Activity
Quote, word for word, only the lines running from the line with "Děložní fibroidy---myomy" through the end of the listing. Leave out the pictures.

Data section
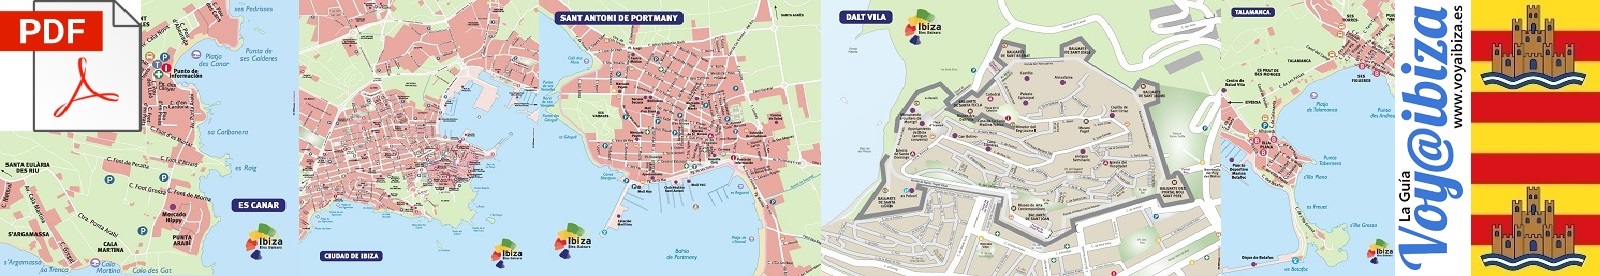 Mapas de Ibiza (PDF)
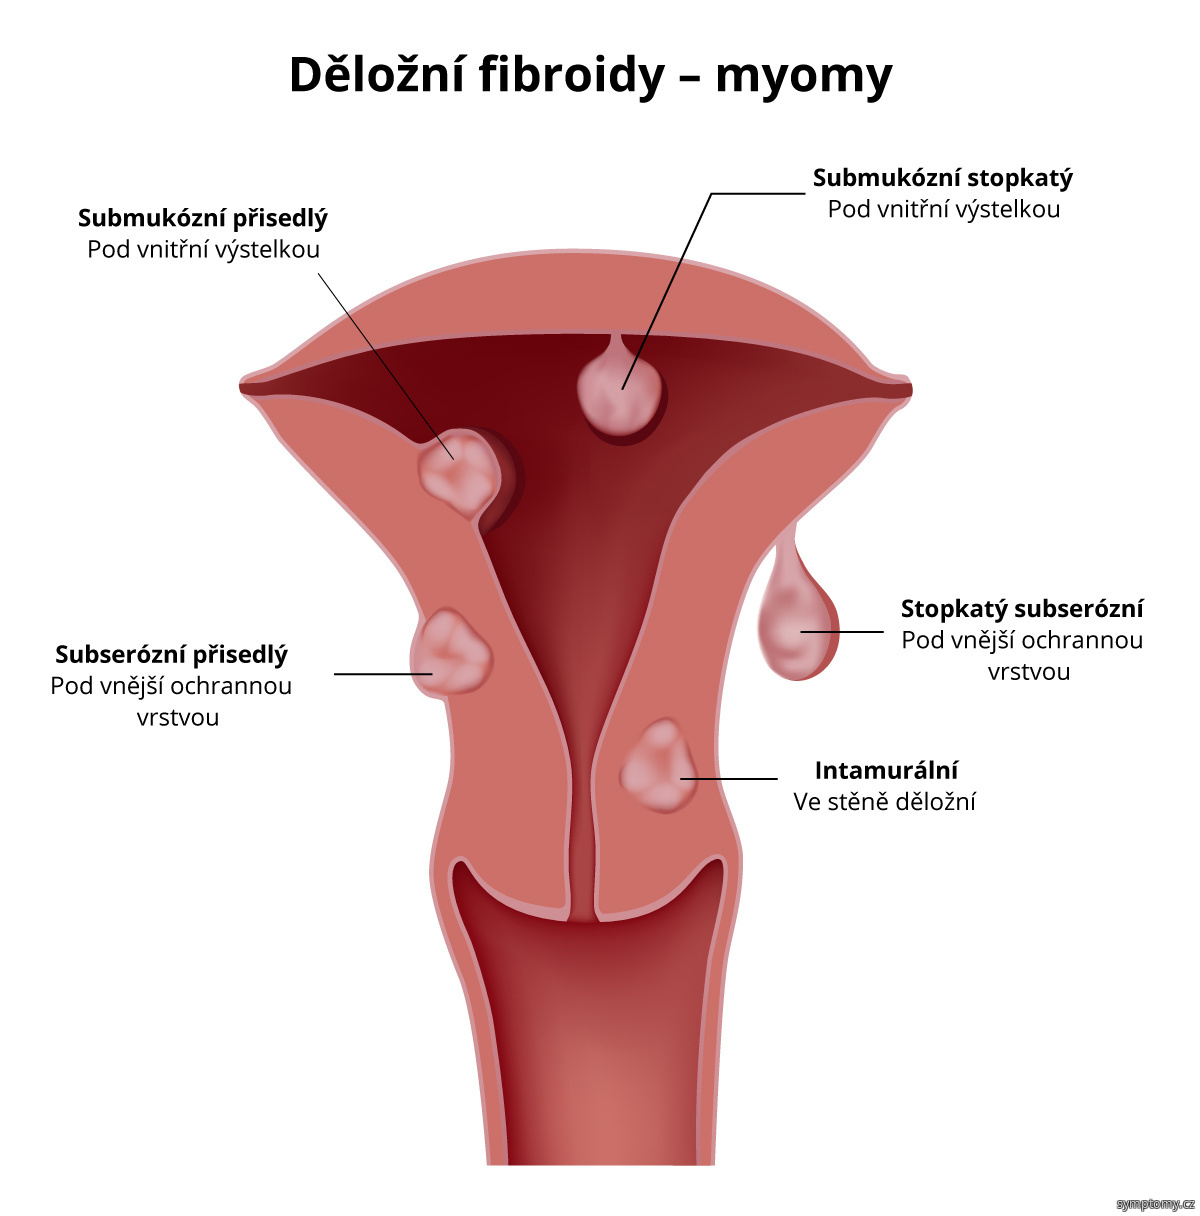 Děložní fibroidy---myomy
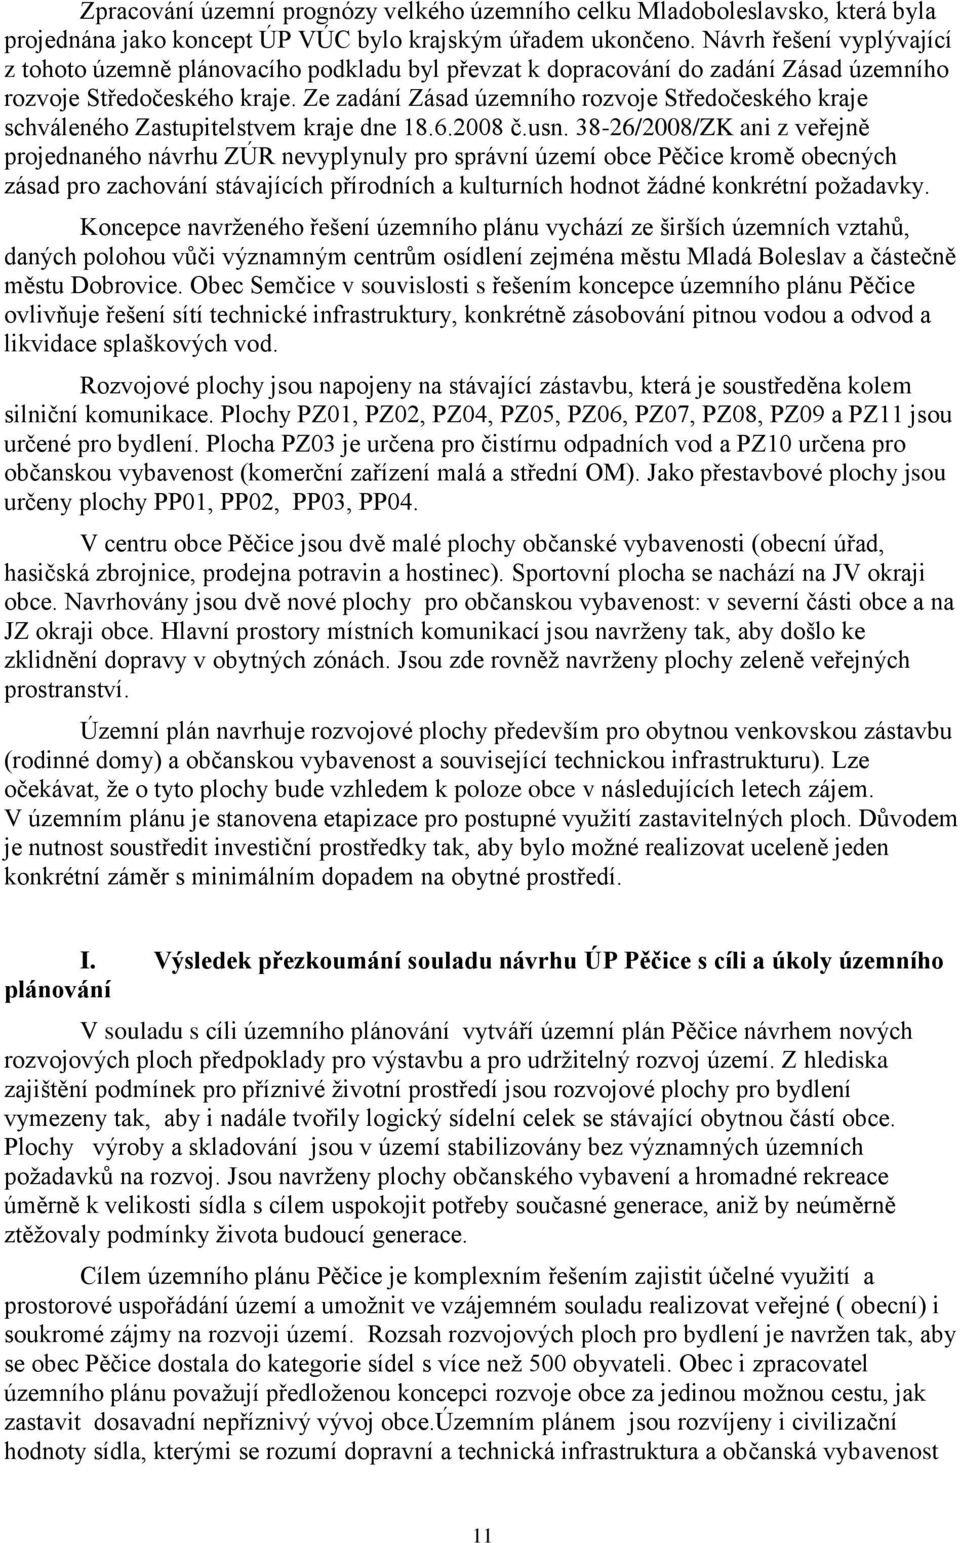 Ze zadání Zásad územního rozvoje Středočeského kraje schváleného Zastupitelstvem kraje dne 18.6.2008 č.usn.
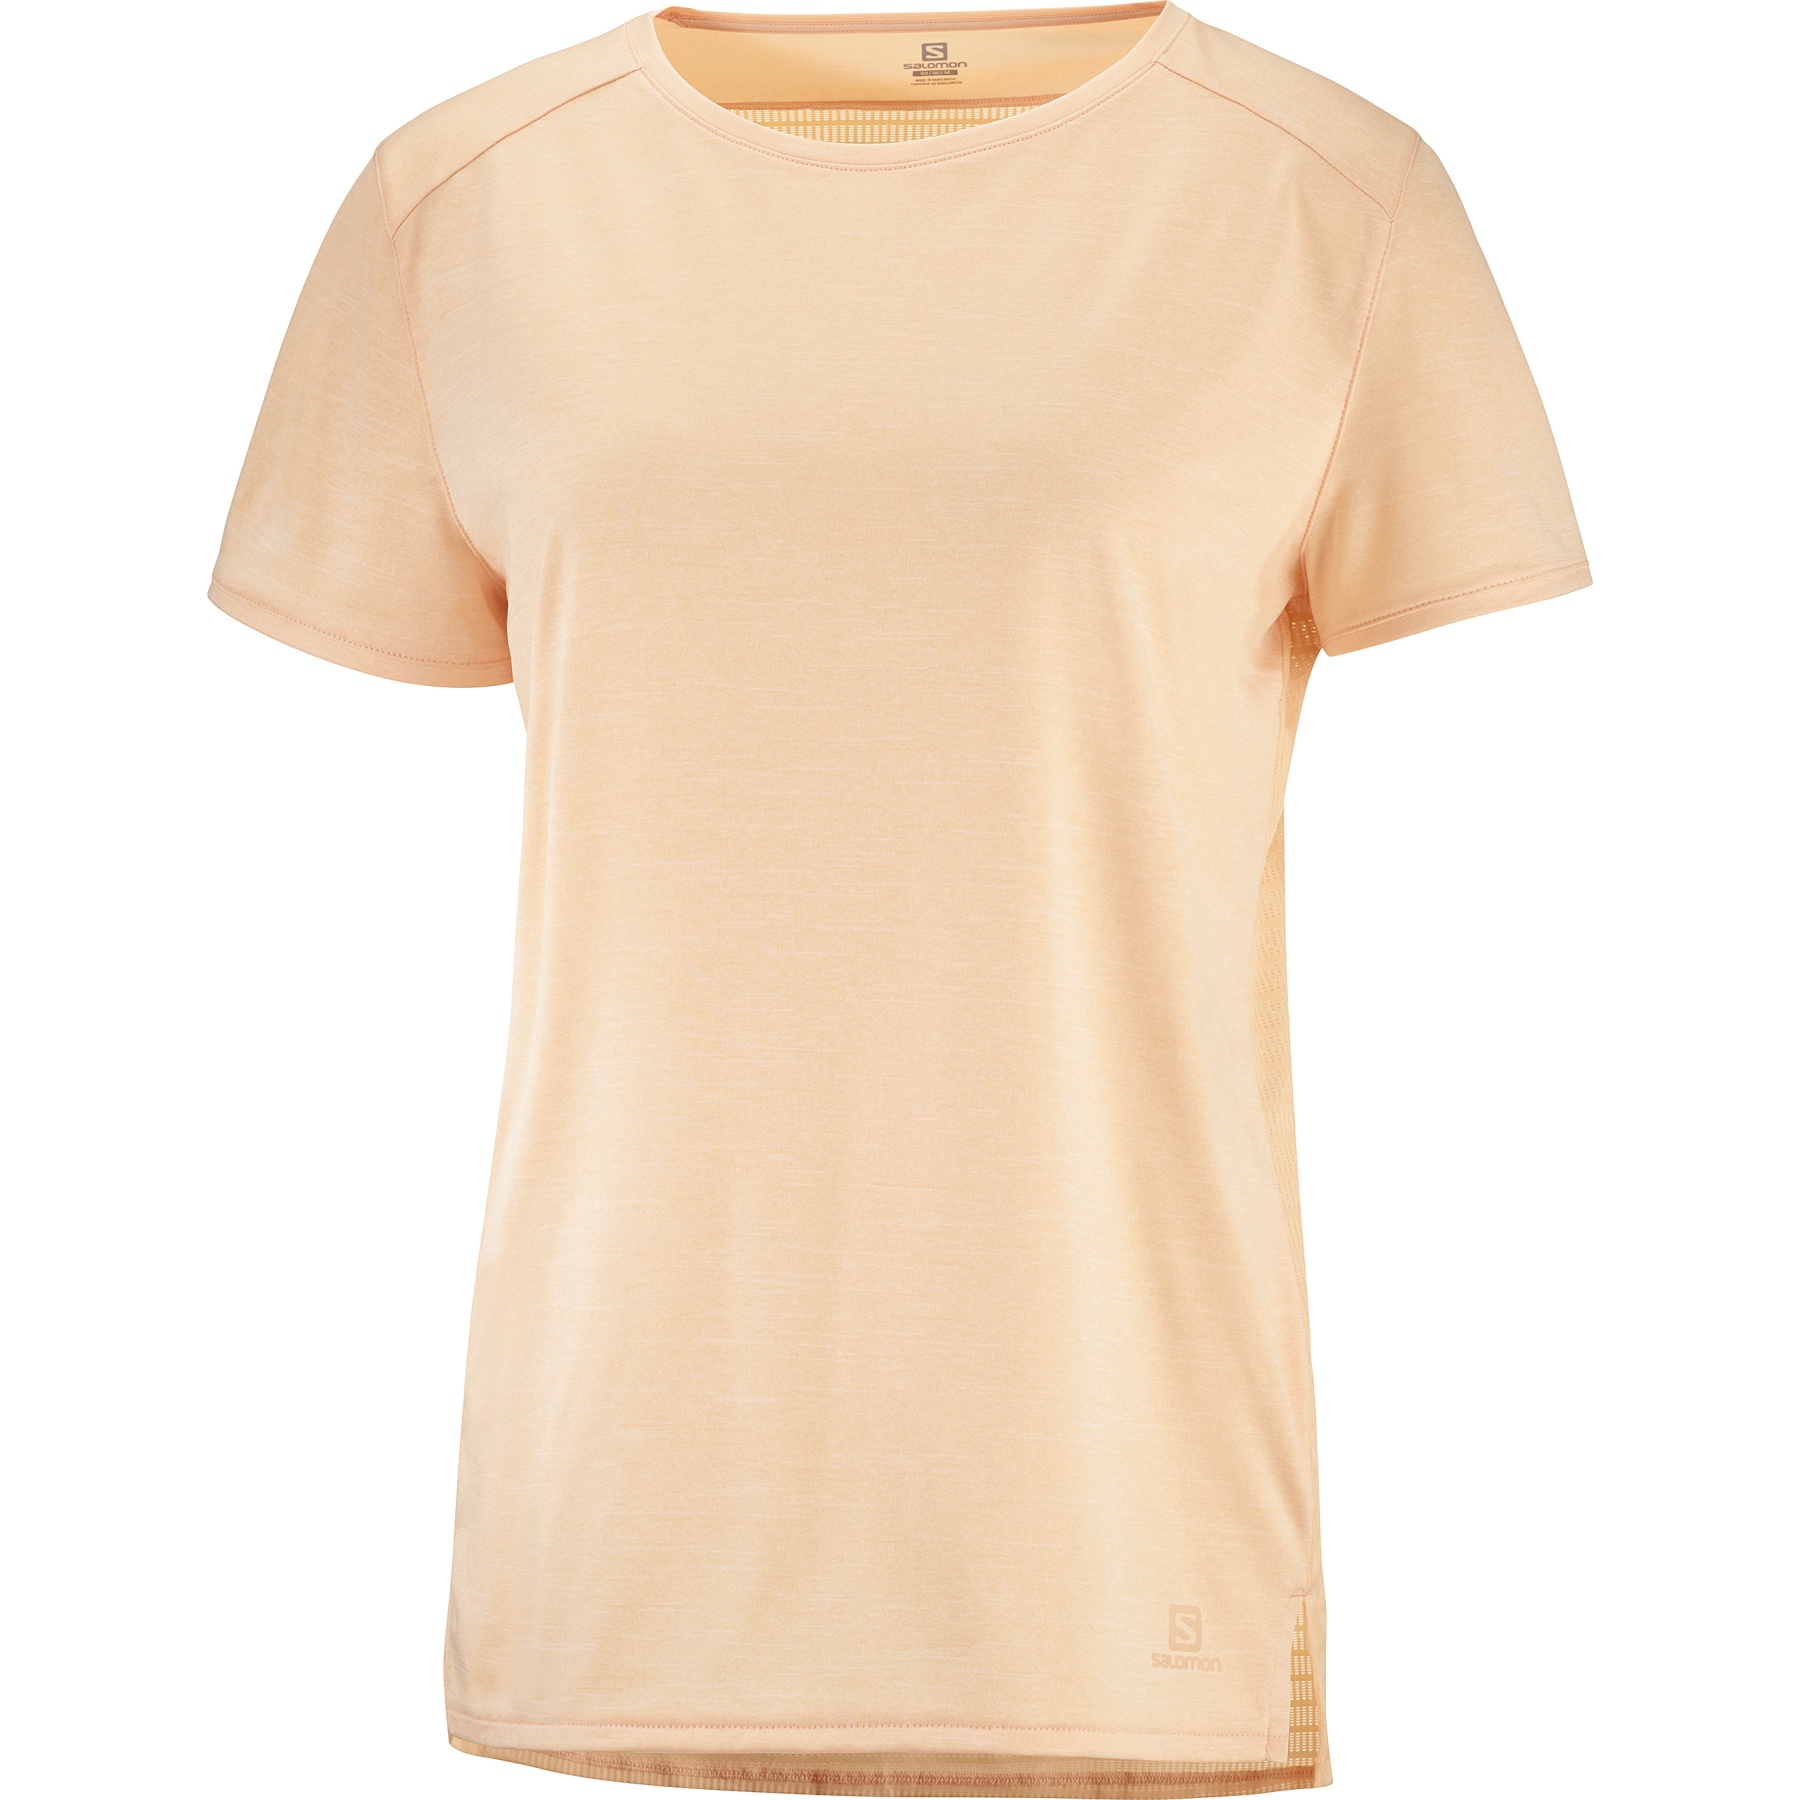 Produktbild von Salomon Outline Summer T-Shirt Damen - apricot ice

Result of this task
 Děložní fibroidy---myomy
 Ze zadání Zásad územního rozvoje Středočeského kraje schváleného Zastupitelstvem kraje dne 18.6.2008 č.usn.
 Produktbild von Salomon Outline Summer T-Shirt Damen - apricot ice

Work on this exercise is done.